Mean, or arithmetic mean, is most frequently used in statistics. Mean of `n` value `x_1,x_2,\ ...\ ,x_i,\ ...\ ,x_n` is defined as:

`bar x=(x_1+x_2+cdots+x_i+cdots+x_n)/n=1/n sum_(i=1)^n x_i`

(1)

In cases where value `x_i` is accompanied by weight `w_i`, weighted mean is calculated by:

`bar x=(w_1x_1+w_2x_2+cdots+w_ix_i+cdots+w_nx_n)/(w_1+w_2+cdots+w_i+cdots+w_n)=(sum_(i=1)^n w_ix_i)/(sum_(i=1)^n w_i)`

(2)

When these weights are normalized:

`sum_(i=1)^n w_i=1`

(3)

then

`bar x=sum_(i=1)^n w_ix_i`

(4)

When data are separated into `n` groups and `x_i` is the representative value for group `i` and `f_i` is the number of element of this group, we get:

`bar x=(sum_(i-1)^n f_ix_i)/(sum_(i-1)^n f_i)=1/N sum_(i=1)^n f_ix_i`

(5)

`N` is the total elements of `n` groups.

Geometric mean is used in cases which differences between values are large, so the arithmetic average is meaningless, for example in the field of microbiology.

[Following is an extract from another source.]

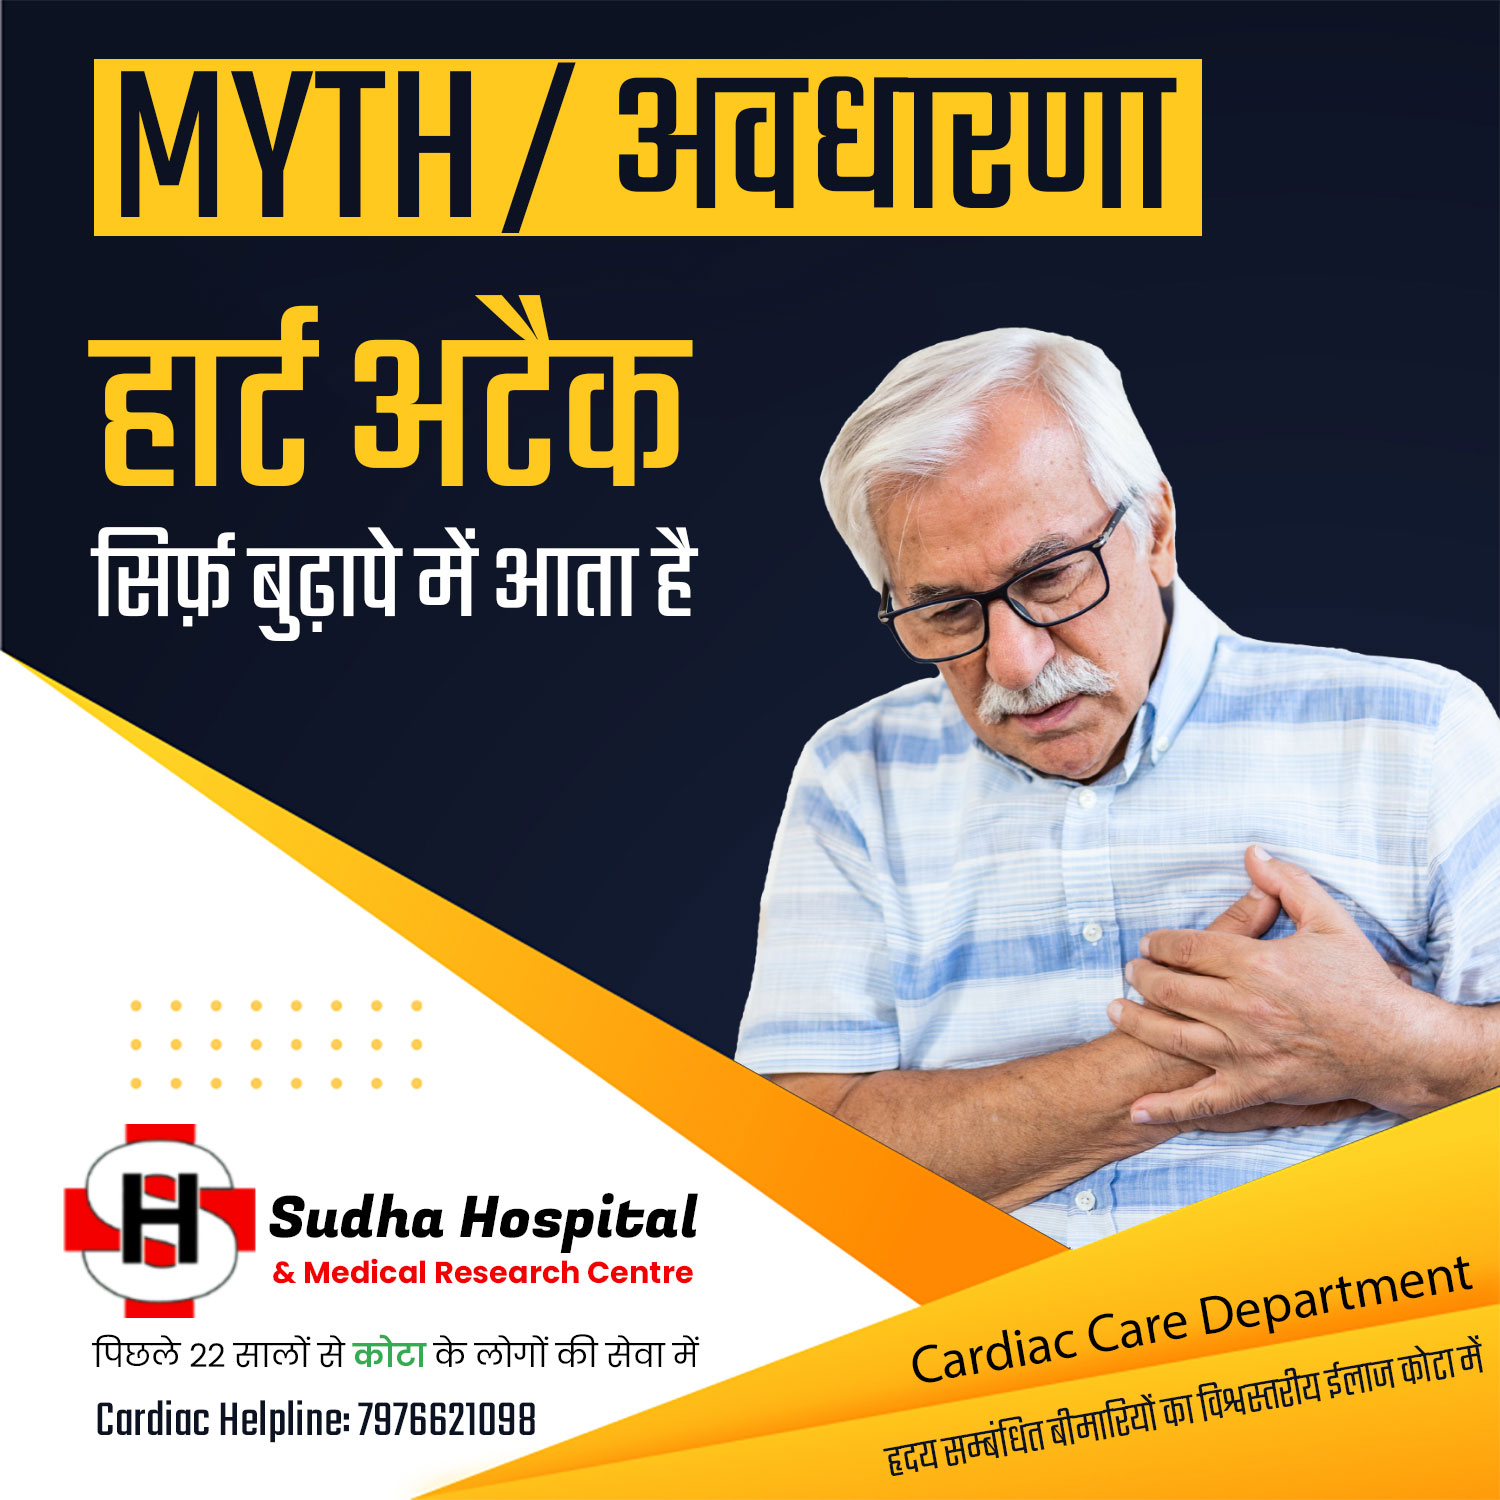 Heart attack in young adults explained in Hindi | Sudha Hospital - Kota

Geometric mean of `n` positive numbers `x_1,x_2,\ ...\ ,x_i,\ ...\ ,x_n` is calculated by:

`bar x=root(n)(x_1x_2\ cdots\ x_i \ cdots\ x_n)=root(n)(prod_(i=1)^n x_i)`

(6)

In some cases of ratio, harmonic mean is useful. Harmonic mean is determined by formula:

`bar x=1/(1/(x_1)+1/(x_2)+cdots+1/(x_i)+cdots+1/(x_n))`

(7)

The mean should be rounded to one more decimal place than number with smallest decimal place occurs in the original data.

For example mean of   1,2 ; 3,45 ; and 6,789   is   3,81.